Method

Hierarchical Lidar Panoptic Segmentation

LPS methods in literature employ point cloud backbones to classify points and learn to group points into object instances. These methods require instance-level supervision for all thing classes. In LiPSOW, the other class (for which no instance supervision is available) consists of both stuff and things, and methods should be able to cope with this. To develop a strong baseline for LiPSOW, we draw inspiration from work in LPS, perceptual grouping, and open-set recognition.

Fig 1: Our proposed method, Hierarchical Lidar Panoptic Segmentation (HLPS). Left: A K+1 way segmentation network classifies points into things, stuff, or other (in red). Right: A hierarchical tree of all possible segments is constructed from things and other, and a learnt scoring function is used to cut the tree into instance segments.

Our method, HLPS, employs a point-based encoder-decoder network to classify points into one of K+1 classes, as is the case in open-set recognition. In other words, the network is trained to distinguish the K known classes from other. In the second stage, we run a non-learned clustering algorithm on both things and other points, and learn a scoring function to get an instance segmentation. This is illustrated in Fig 1. Each component of our proposed method is explained below in further detail.

Semantic Segmentation

We use the well-consolidated Kernel-Point Convolution (KPConv) [1] backbone to operate directly on an input point cloud. We attach a semantic classifier on top of the decoder feature representation to output a semantic map which consists of K+1 classes. The network is trained using cross-entropy loss.

Object segmentation via point clustering

Fig 2: An example to demonstrate how instance segmentation is obtained from a hierarchical tree of segments.

We first group points based on their spatial proximity using hierarchical clustering (HDBSCAN), which results in a hierarchy of segments (Fig 2-mid). From this segmentation tree, there exist combinatorially many per-point instance segmentation possibilities. Therefore, to get an instance segmentation from this tree, we need to make a cut through this tree (Fig 2-right).

To generate a cut from this tree, we learn a function which estimates how likely a subset a points represent an object. We use a PointNet classification network trained with a mean-squared error loss function, with an objective to regress the IoU of the segment with its matched ground-truth instance.

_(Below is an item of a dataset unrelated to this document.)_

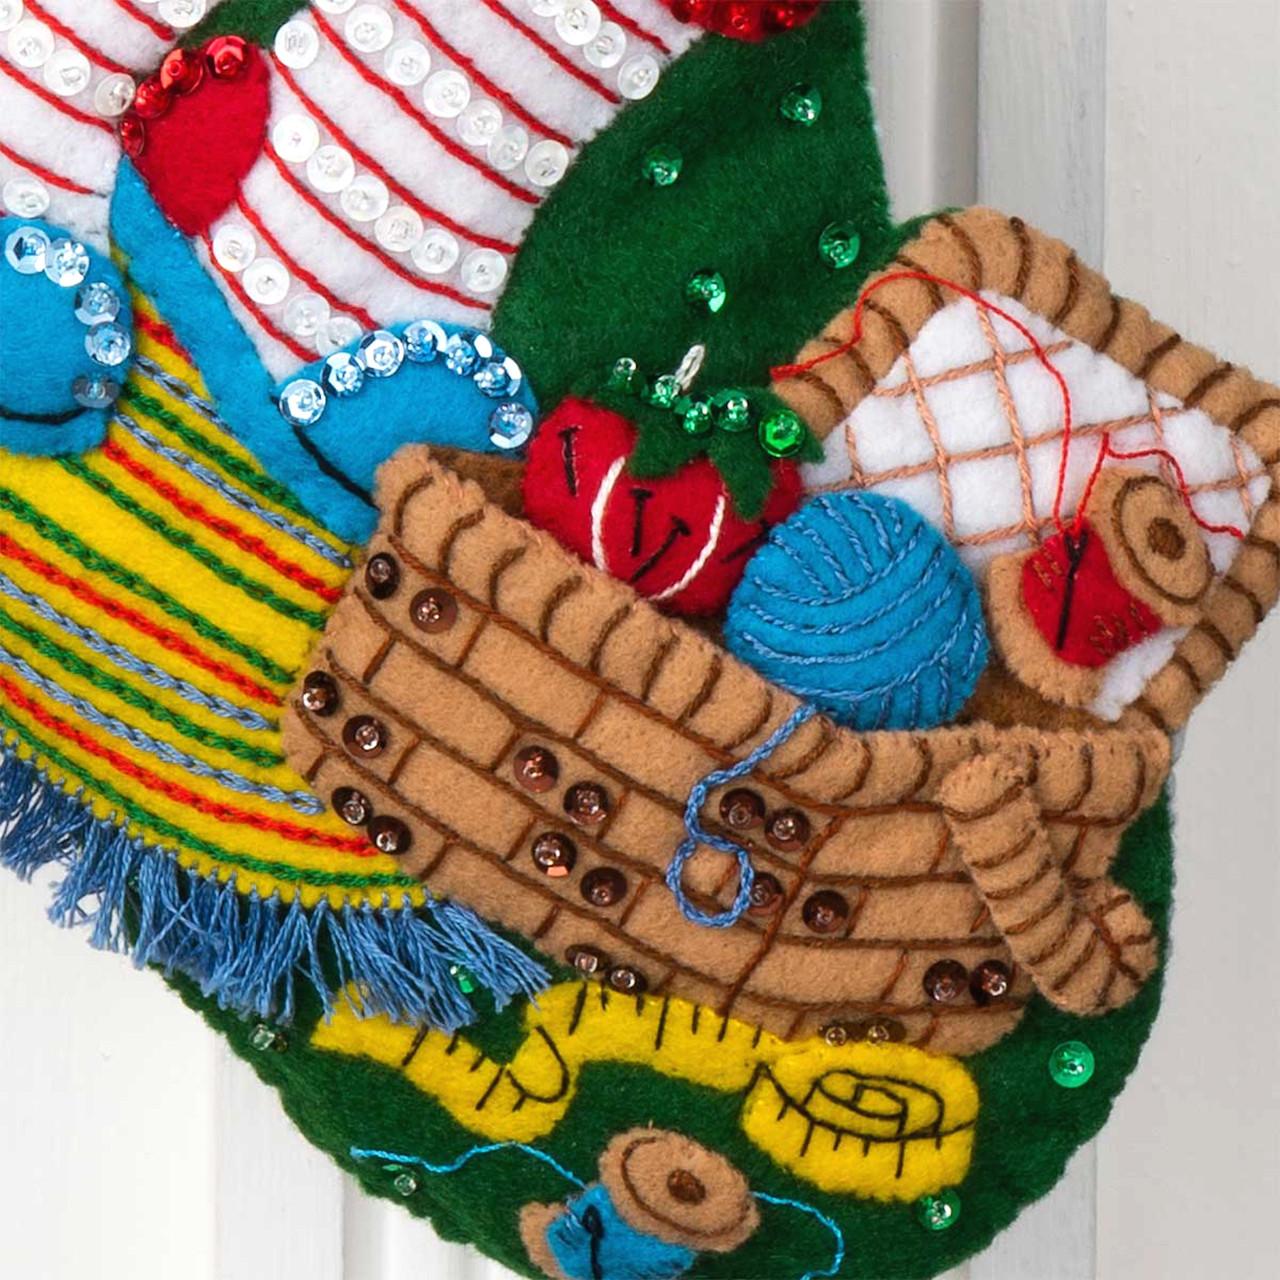 Plaid / Bucilla - Stitching Santa Christmas Stocking

Given this function, we need to find where to cut this tree such that an overall segmentation score is as good as possible. In [2], it is shown that if the global segmentation score is defined as the worst objectness in the tree, the worst-case segmentation leads to an optimal cut (which can be obtained efficiently using dynamic programming).

References

  1. Aygun, Mehmet, et al. “4d panoptic lidar segmentation.” Proceedings of the IEEE/CVF Conference on Computer Vision and Pattern Recognition. 2021.
  2. Hu, Peiyun, David Held, and Deva Ramanan. “Learning to optimally segment point clouds.” IEEE Robotics and Automation Letters 5.2 (2020): 875-882.